→ **YOUR OBJECTIVE**
Print only the lines below from the one with "Switzerland's Roger Federer" to the one with "Designed in 1965", both included, exactly as they stand. Leave pictures out.

→ **MATERIALS PROVIDED**
^^^^^^^^

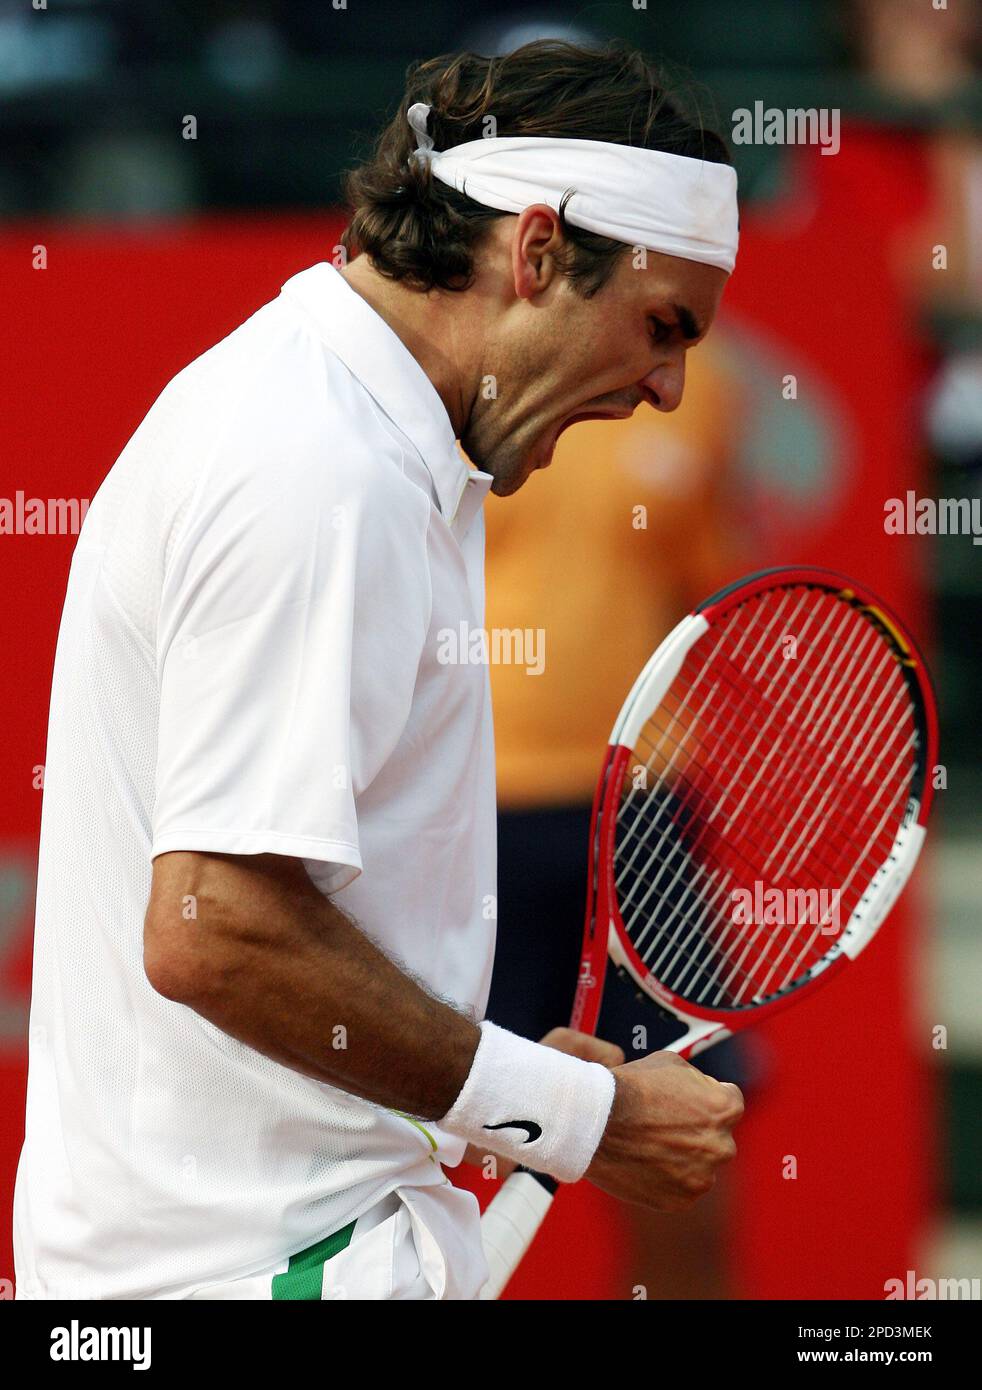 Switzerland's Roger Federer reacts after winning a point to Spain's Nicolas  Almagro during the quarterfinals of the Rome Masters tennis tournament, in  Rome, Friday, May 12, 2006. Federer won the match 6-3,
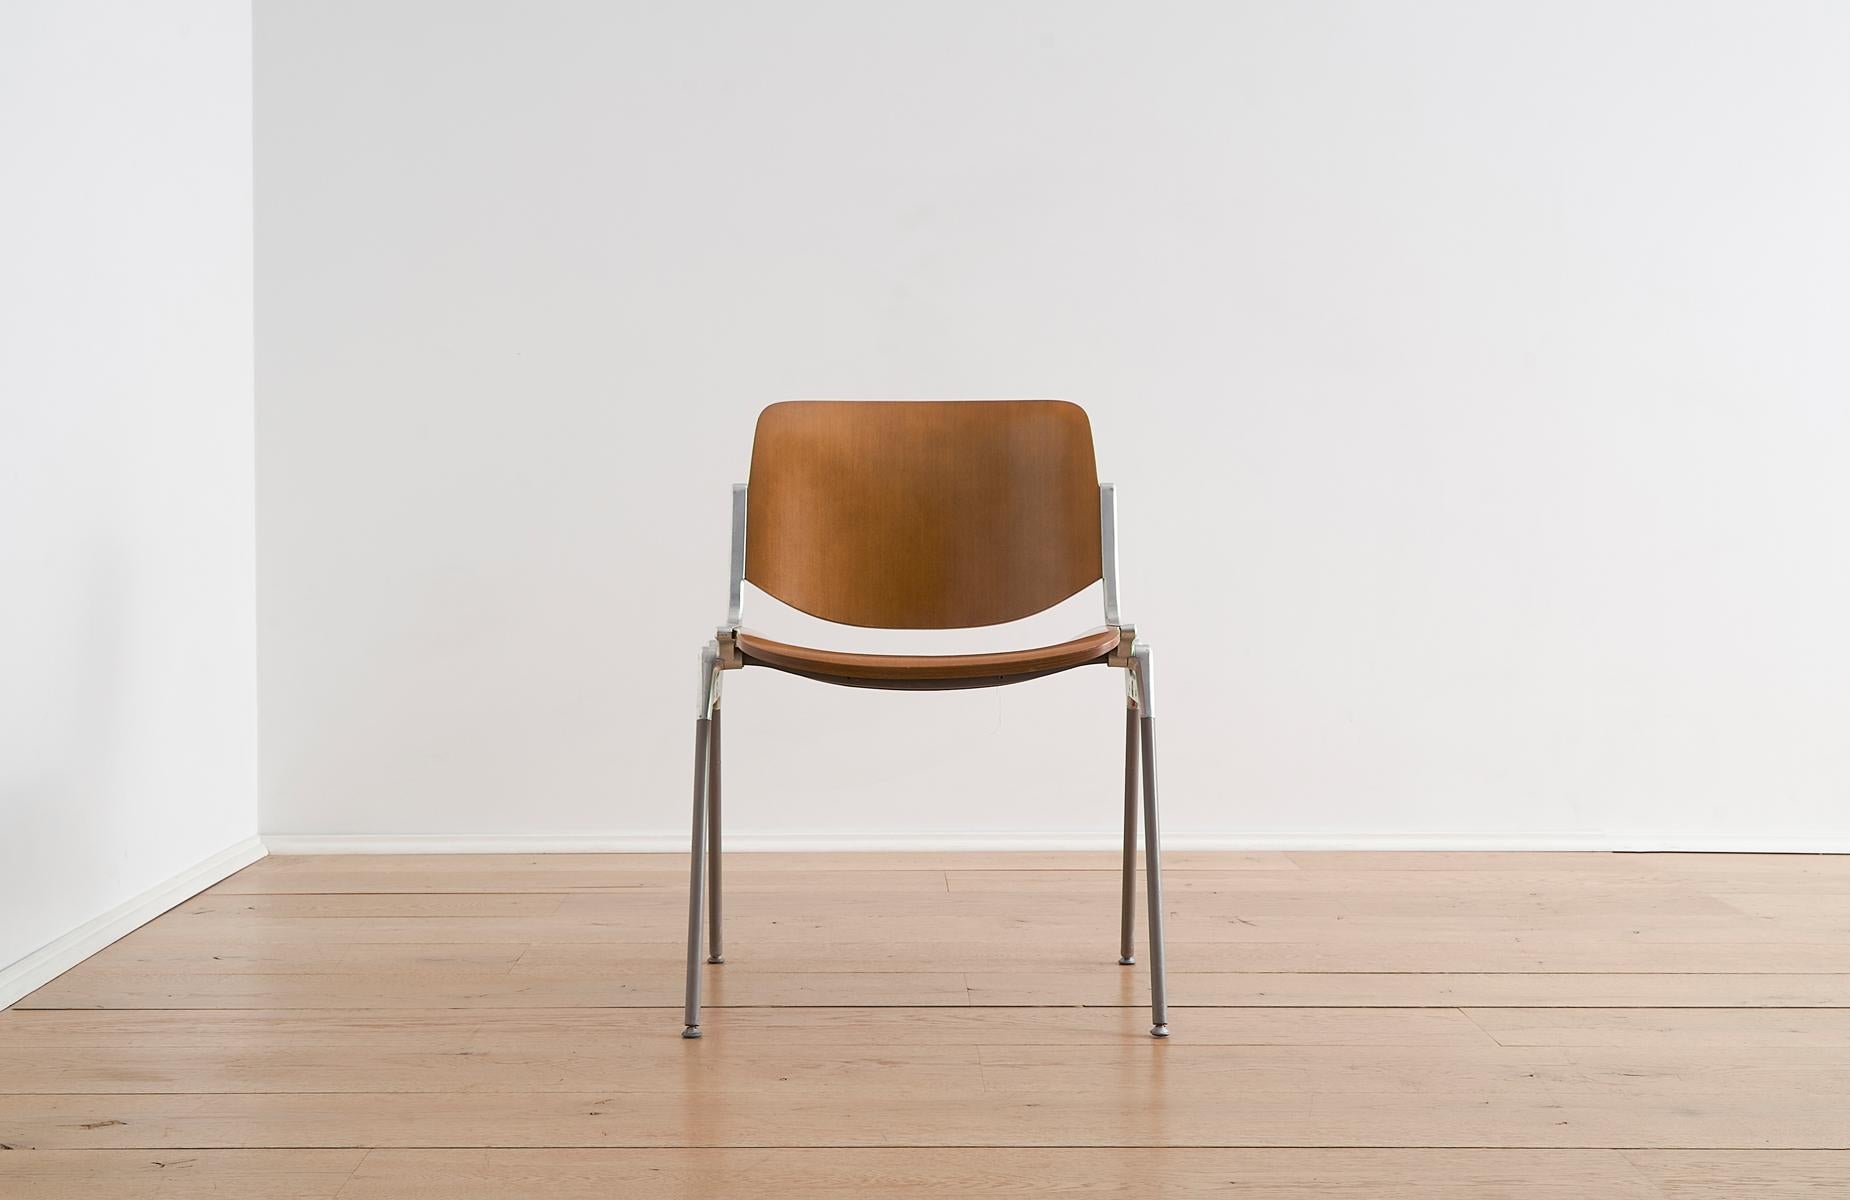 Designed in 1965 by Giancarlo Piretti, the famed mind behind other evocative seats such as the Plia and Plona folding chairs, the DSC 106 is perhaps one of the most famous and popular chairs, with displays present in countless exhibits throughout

^^^^^^^^

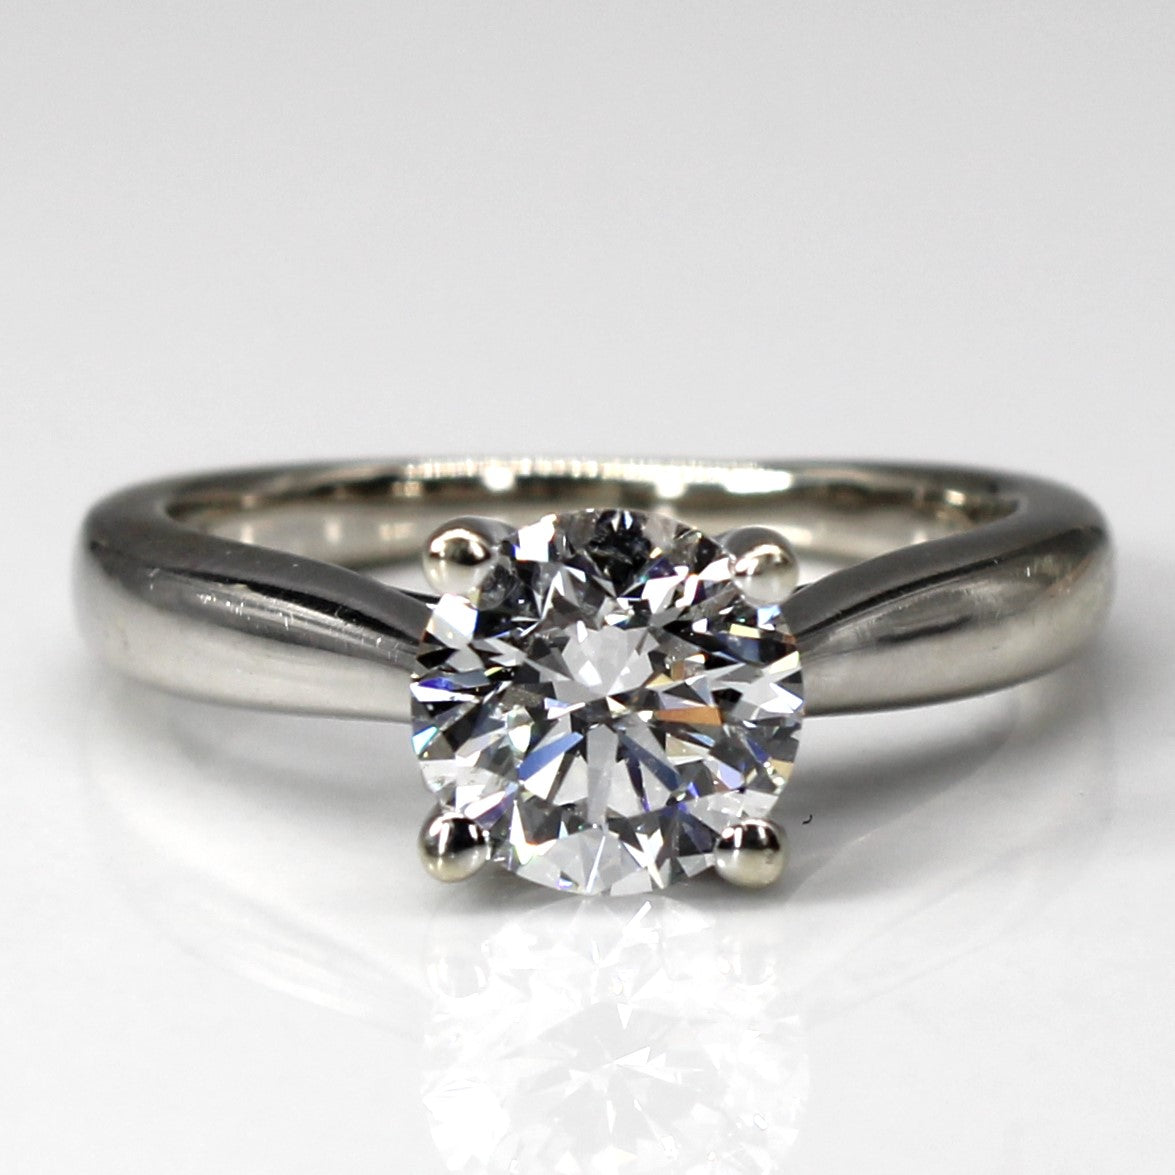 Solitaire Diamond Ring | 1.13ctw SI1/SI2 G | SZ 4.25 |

^^^^^^^^

→ **ANSWER BOX**
 Switzerland's Roger Federer reacts after winning a point to Spain's Nicolas  Almagro during the quarterfinals of the Rome Masters tennis tournament, in  Rome, Friday, May 12, 2006. Federer won the match 6-3,
 Designed in 1965 by Giancarlo Piretti, the famed mind behind other evocative seats such as the Plia and Plona folding chairs, the DSC 106 is perhaps one of the most famous and popular chairs, with displays present in countless exhibits throughout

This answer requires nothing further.